- Exercise data -
· · · · · · ·
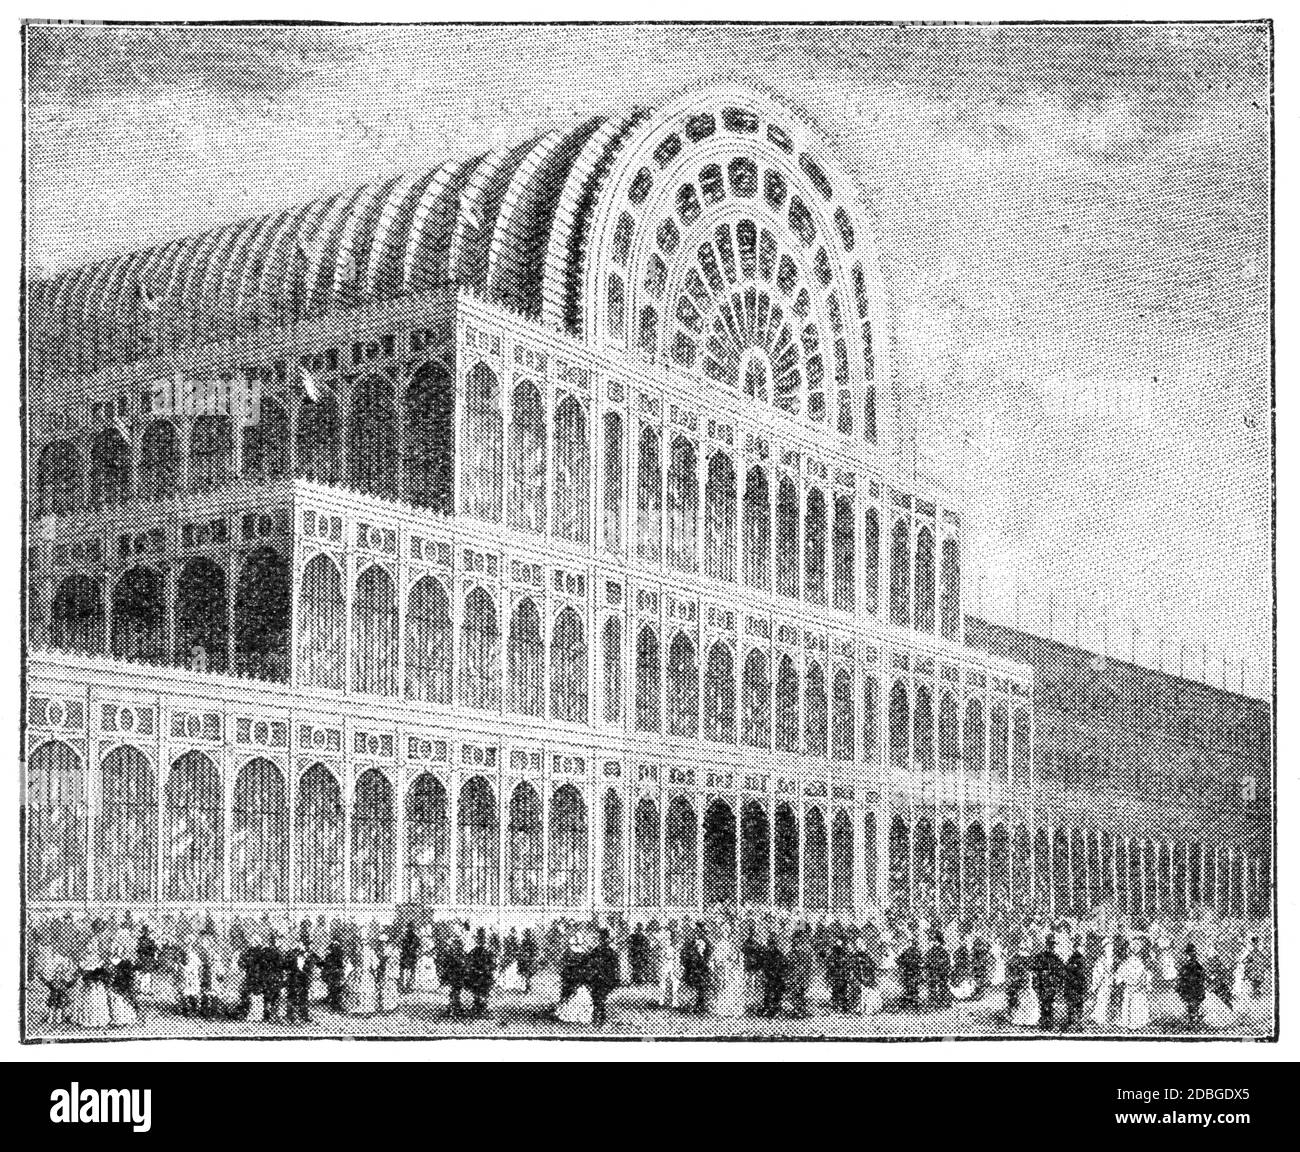 Le Crystal Palace (devant) à Hyde Park pour la grande exposition internationale de 1851, Londres. Illustration du XIXe siècle. Fond blanc. Banque D'Images
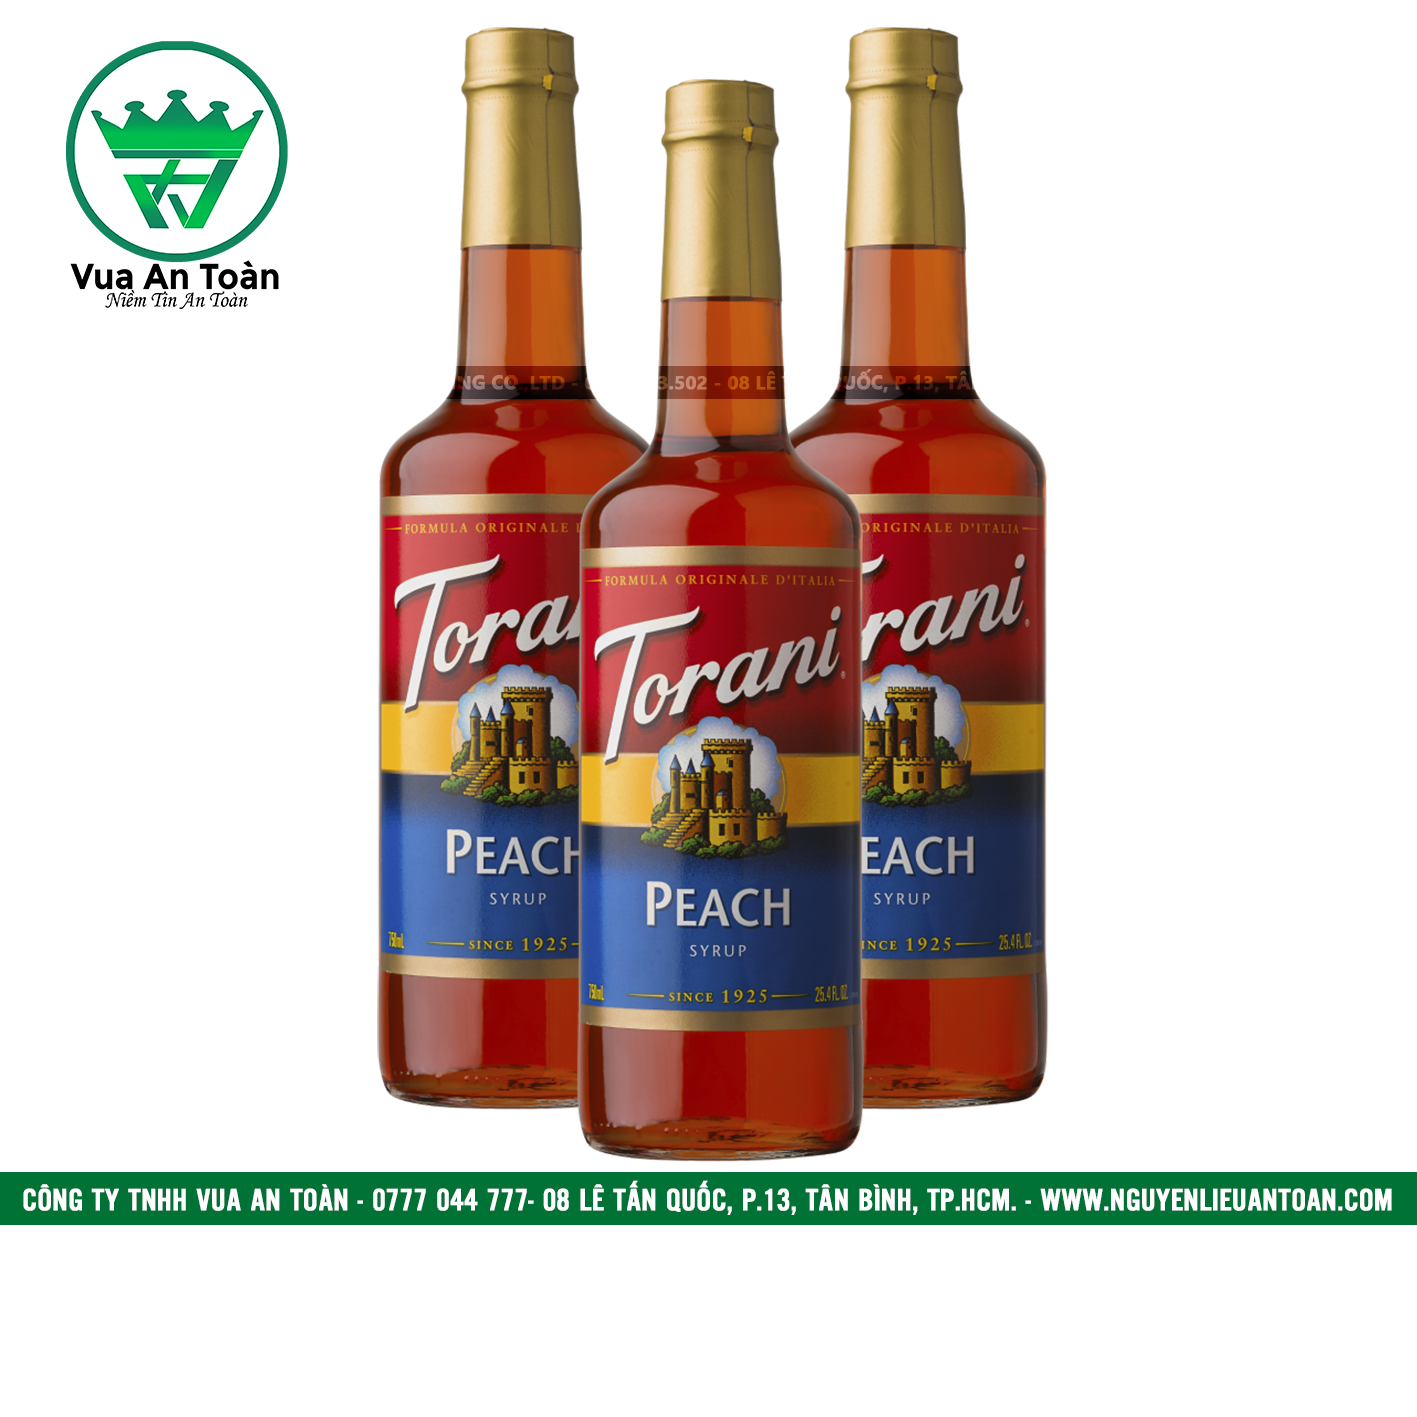 Torani Đào Đỏ - Peach (Red) Syrup
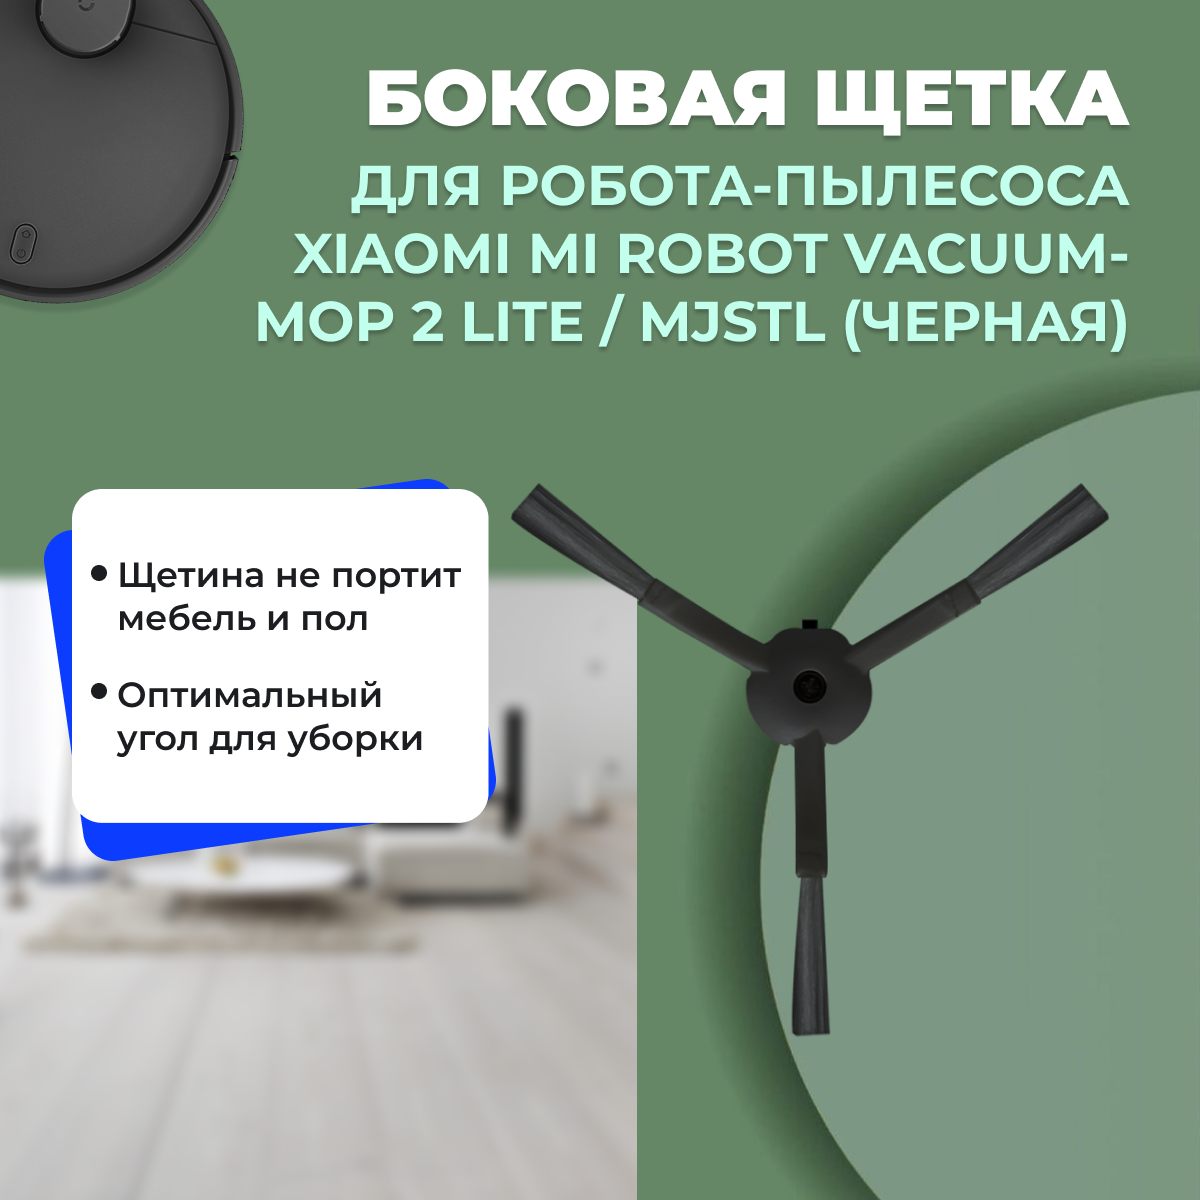 Боковая щетка для робота-пылесоса Xiaomi Mi Robot Vacuum-Mop 2 Lite, черная 558184
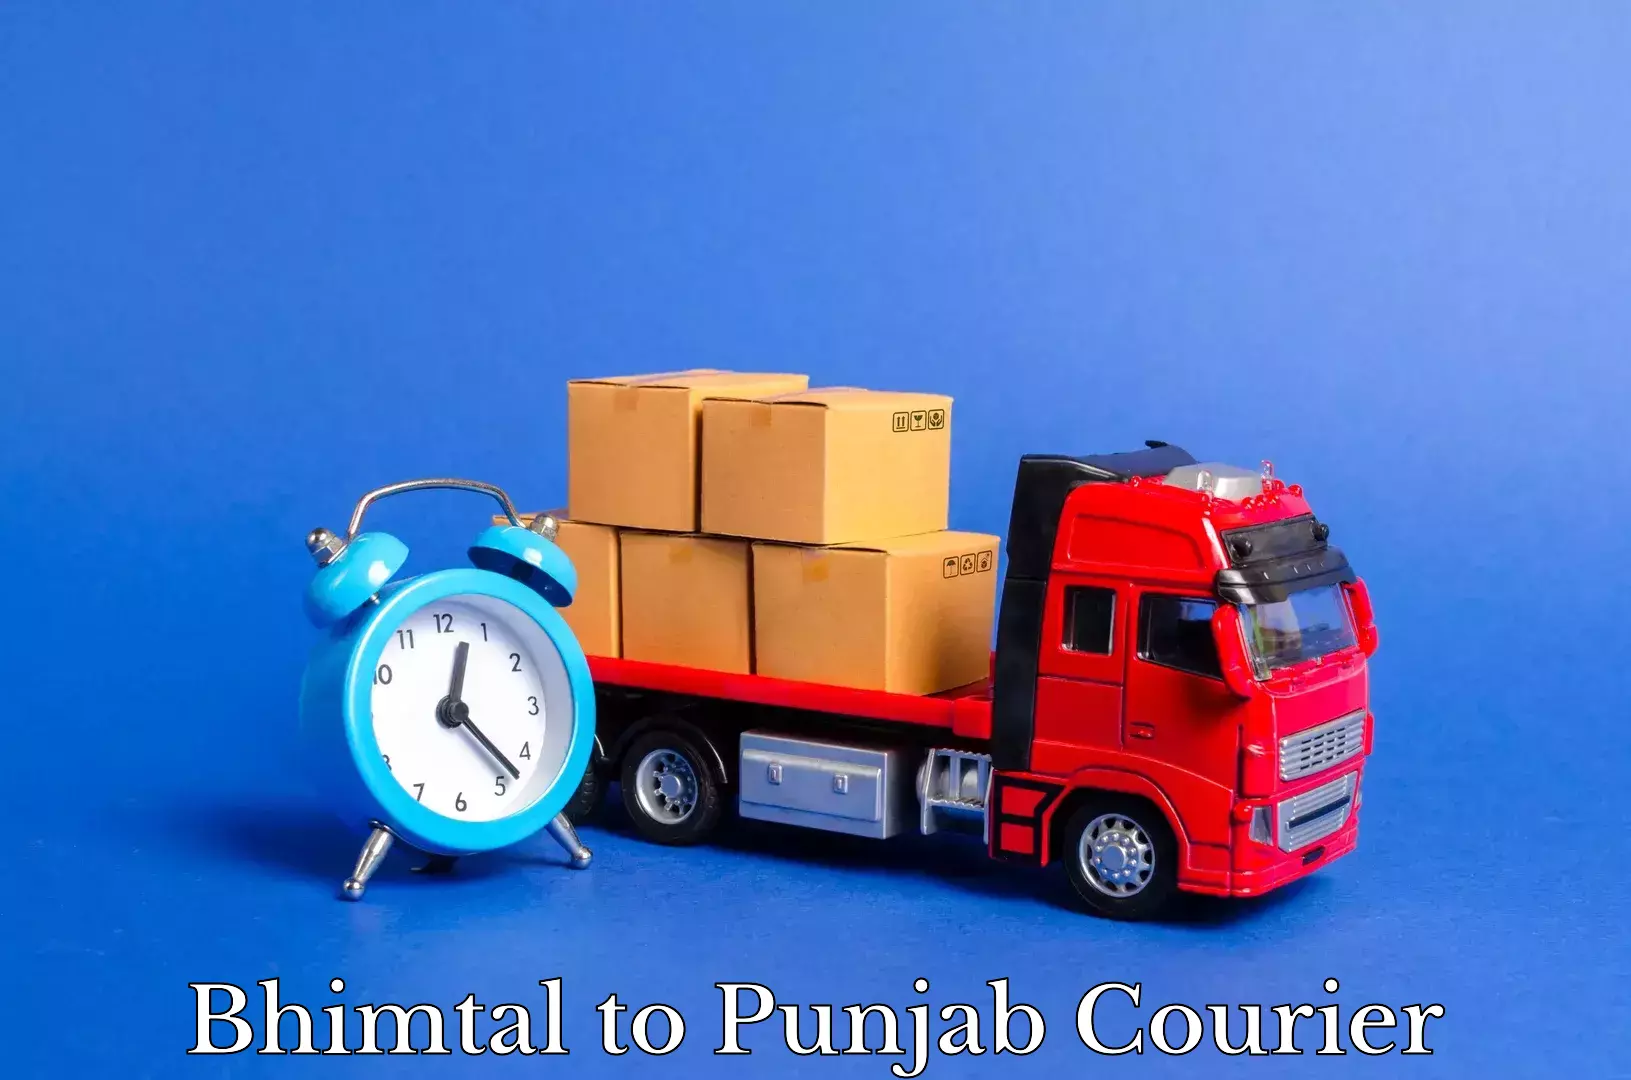 Trusted furniture transport Bhimtal to Punjab
· · · · · · ·
- What the exercise asks -
In your copy of the listing above, every line must match exactly and no picture may appear.

- Solution for this task -
 Le Crystal Palace (devant) à Hyde Park pour la grande exposition internationale de 1851, Londres. Illustration du XIXe siècle. Fond blanc. Banque D'Images
 Torani Đào Đỏ - Peach (Red) Syrup
 Боковая щетка для робота-пылесоса Xiaomi Mi Robot Vacuum-Mop 2 Lite, черная 558184
 Trusted furniture transport Bhimtal to Punjab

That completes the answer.